Doña Vega is a US-based brand led by Sonya Vega Auvray. Auvrey took a trip to Oaxaca and she fell in love with the traditional spirit. The result is what she calls, “An approachable mezcal perfect for the experienced or new mezcal palate,” as she uses Espadín Capon, which provides a sweeter taste. Her mezcal can be purchased at shopdonavega.com.
According to Gem and Bolt co-founder Elliott Bennett Coon, their mezcal is distilled with Damiana, a native Mexican shrub. She describes the flavor profile as, “subtle herbal notes, suited for both the discerning and mainstream consumer.” Their mezcal is for sale on their website, and across the U.S.

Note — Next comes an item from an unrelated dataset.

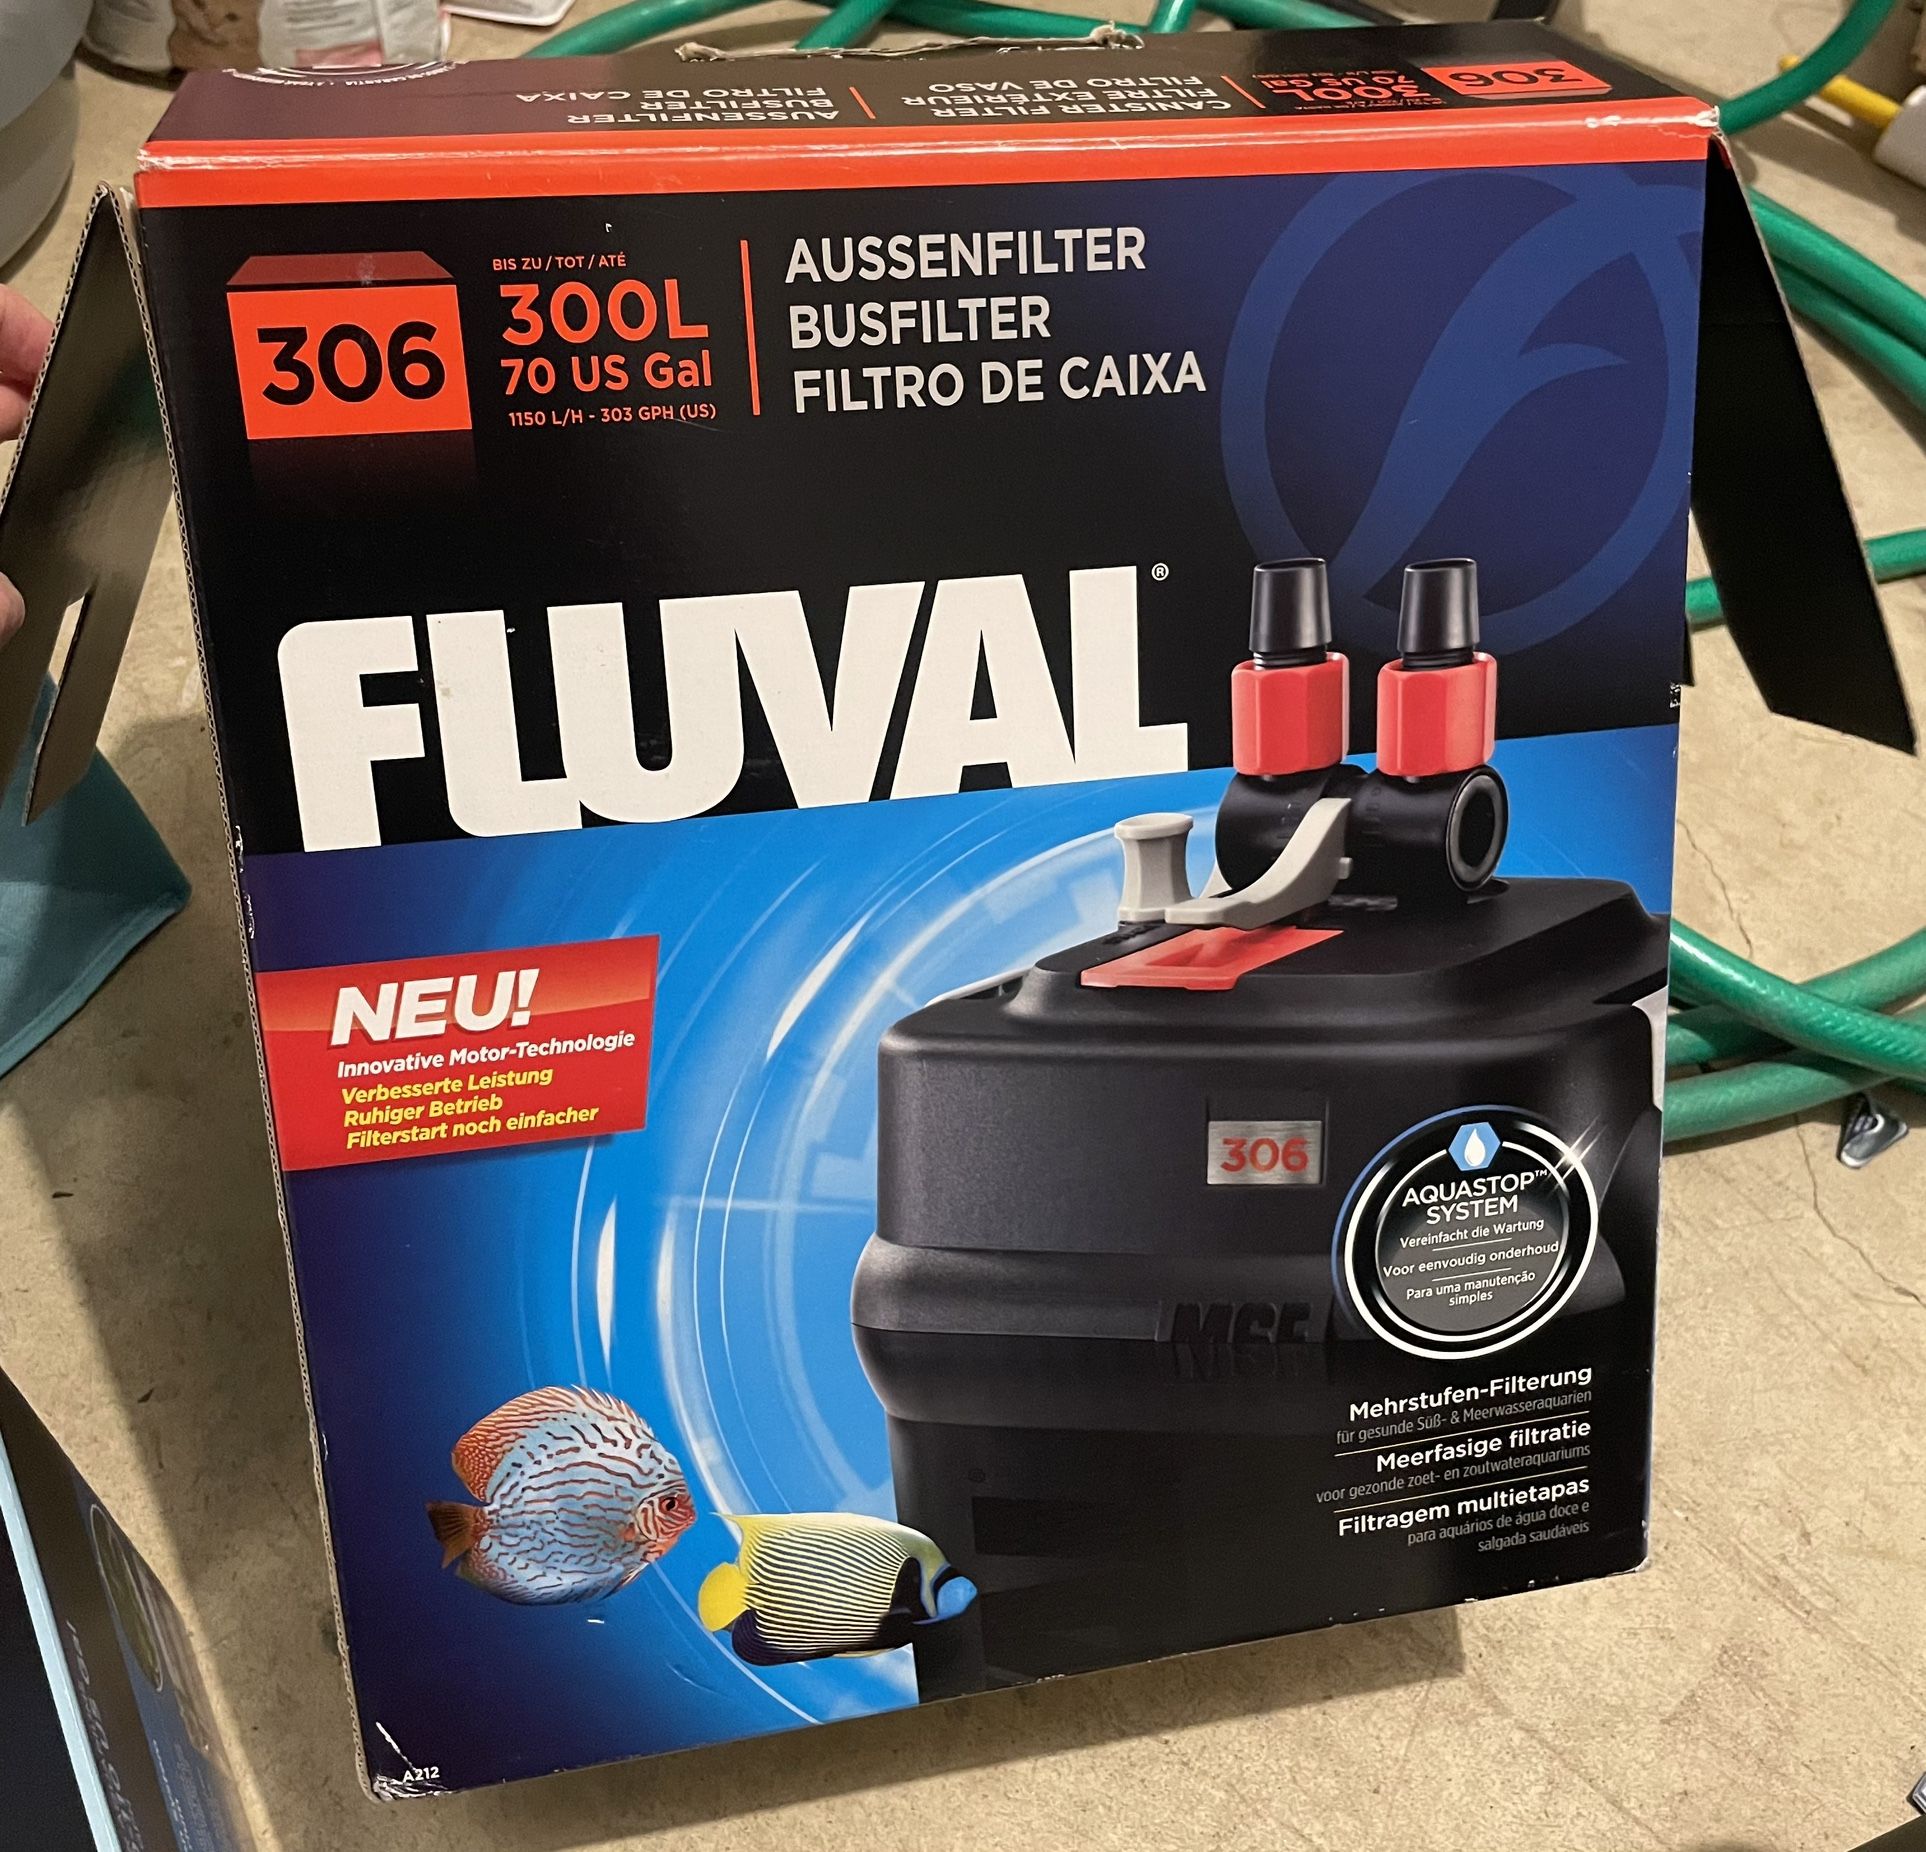 PARTS ONLY Fluval 306 Cannister Filter For 70 Gallon Aquarium Fish Tank. RT

There are additional ways to support women and family-based mezcal production. Mezcouting is well known for their community-based ecotourism and has long-standing relationships with mezcal families in Oaxaca, Mexico. Founder Andrea Hagan shares, “We pay our community partners for their time (at least 5 times the Mexican minimum wage per day) and allow opportunities for customers to purchase mezcal, rugs, or other crafts directly from the families.” SACRED is a non-profit with a mission to “helps improve lives in the rural Mexican communities where heirloom agave spirits are made;” founder Lou Banks is also a mezcal expert and a wealth of knowledge on the subject.
Lastly, Madre Mezcal donates a portion of each sale to community organizations in Oaxaca that support women and families who have been hit hard by the COVID-19 pandemic. They aim to donate $50k in 2021. One such organization is Consorcio which is a feminist organization promoting safe spaces for women and gender-equity training. According to their website, “Around the state in general (and especially during COVID quarantine), femicide and domestic violence are frequent occurrences in communities where there are very little resources and support. This project was designed to address the challenges that women face in being unable to safely and openly access public spaces.”